The matter was heard by Justices Hemant Gupta and Sudhansu Dhulia, who took a stern view of the petitioners’ request for adjournment of the matter, stating:
"We will not permit forum shopping. You wanted urgent listing and now you want hearing adjourned. We will not allow this.”
Meanwhile, Solicitor General of India Tushar Mehta chimed in: “I have the number of times they sought mentioning, at least six.”
But the counsel for the petitioners pointed out that they had sought an urgent hearing during all those other times because exams in the state were starting then (and hijab-wearing girls in Karnataka were being expected to choose between wearing the hijab or writing exams).
In March this year, the Karnataka High Court upheld the state government's ban on Muslim students wearing hijabs in schools and colleges. The ban was packaged as a general rule on following uniforms without wearing religious garb.
The female students had protested the hijab ban, first imposed by individual institutions and then through a government order, and had said that it was a component of their essential religious practice.
They also said that their freedom to dress that way was constitutionally validated as freedom of conscience and that such bans on their religious attire were hostile discrimination.
What Had the High Court Said?
The Karnataka High Court, however, decided it was "of the considered opinion that wearing of hijab by Muslim women does not form a part of essential religious practice in Islamic faith..."

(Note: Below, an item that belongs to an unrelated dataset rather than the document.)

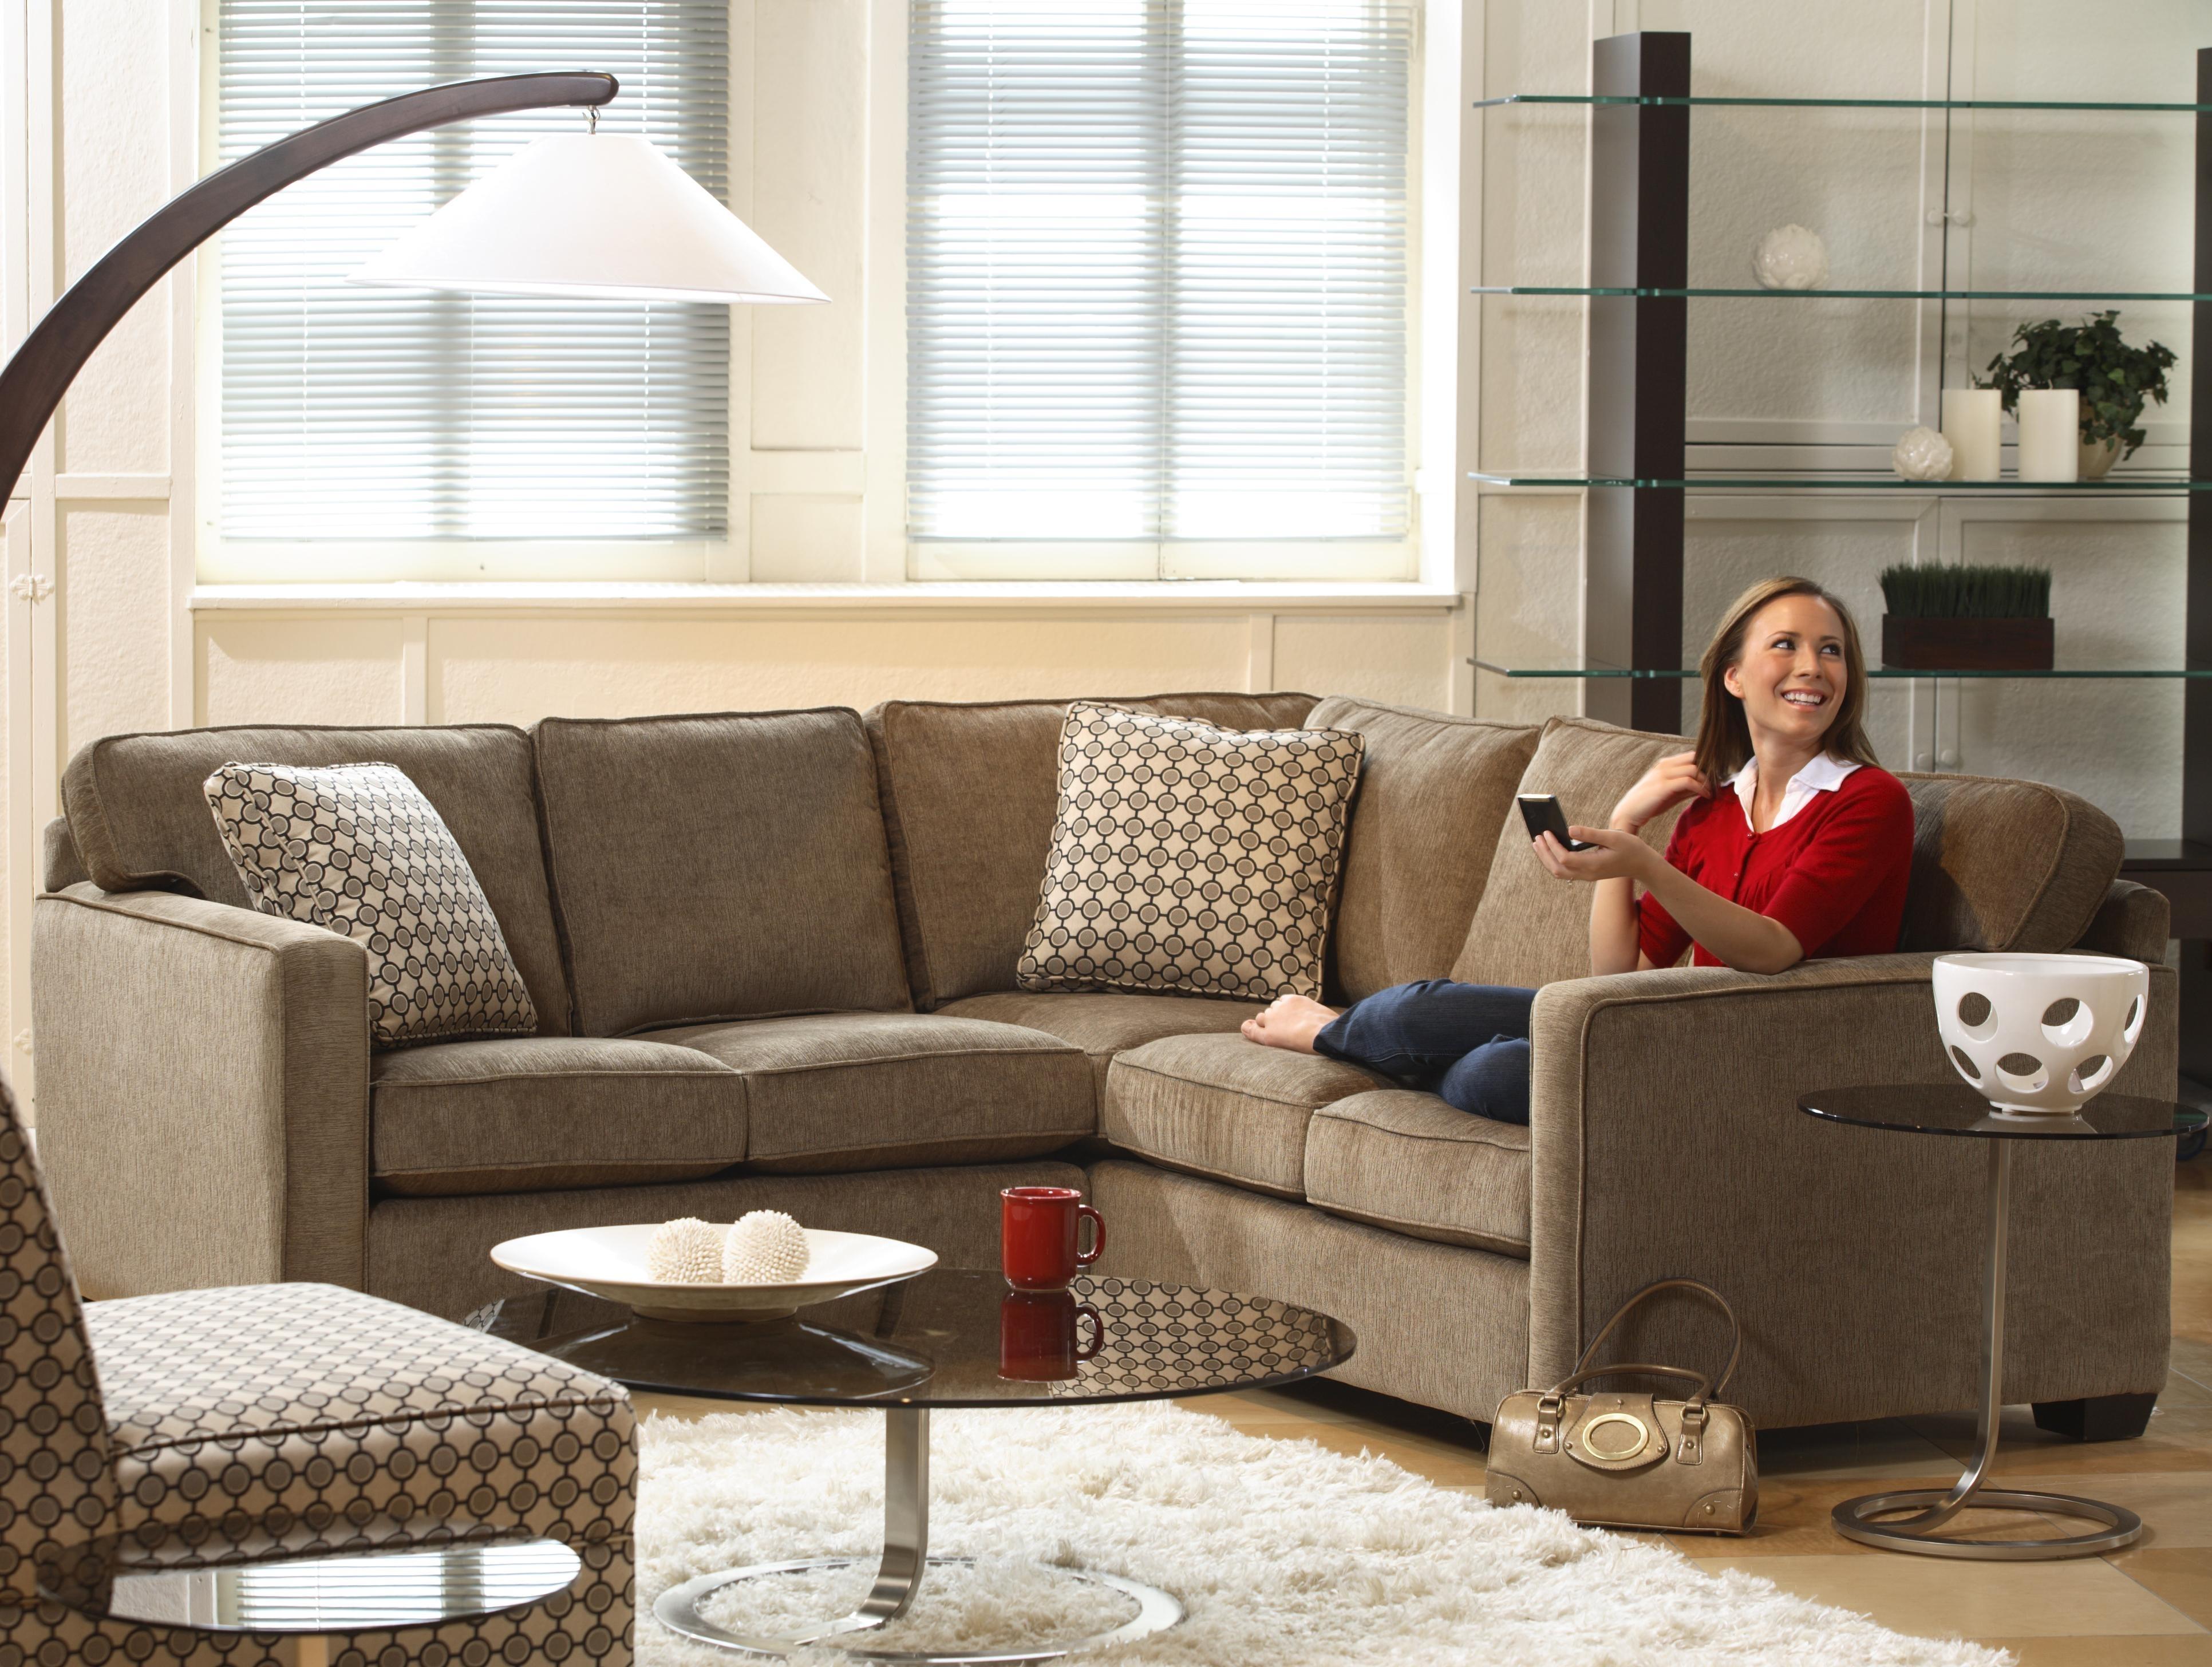 Lyric Five Seat Sectional Sofastylus | Housing | Pinterest with regard to Ontario Sectional Sofas (Image 6 of 10)

"The prescription of school uniform is only a reasonable restriction that is constitutionally permissible which the students cannot object to," the court said.
The Petitions That Followed
Immediately after the ruling, a series of petitions were filed in the Supreme Court challenging the Karnataka High Court order, but the apex court decided it did not need to hear them on an urgent basis.
The matter was finally heard on 29 August, when the court issued notice, expressed disapproval of lawyers’ request for adjournment, and listed the matter for further hearing on Monday, 5 September.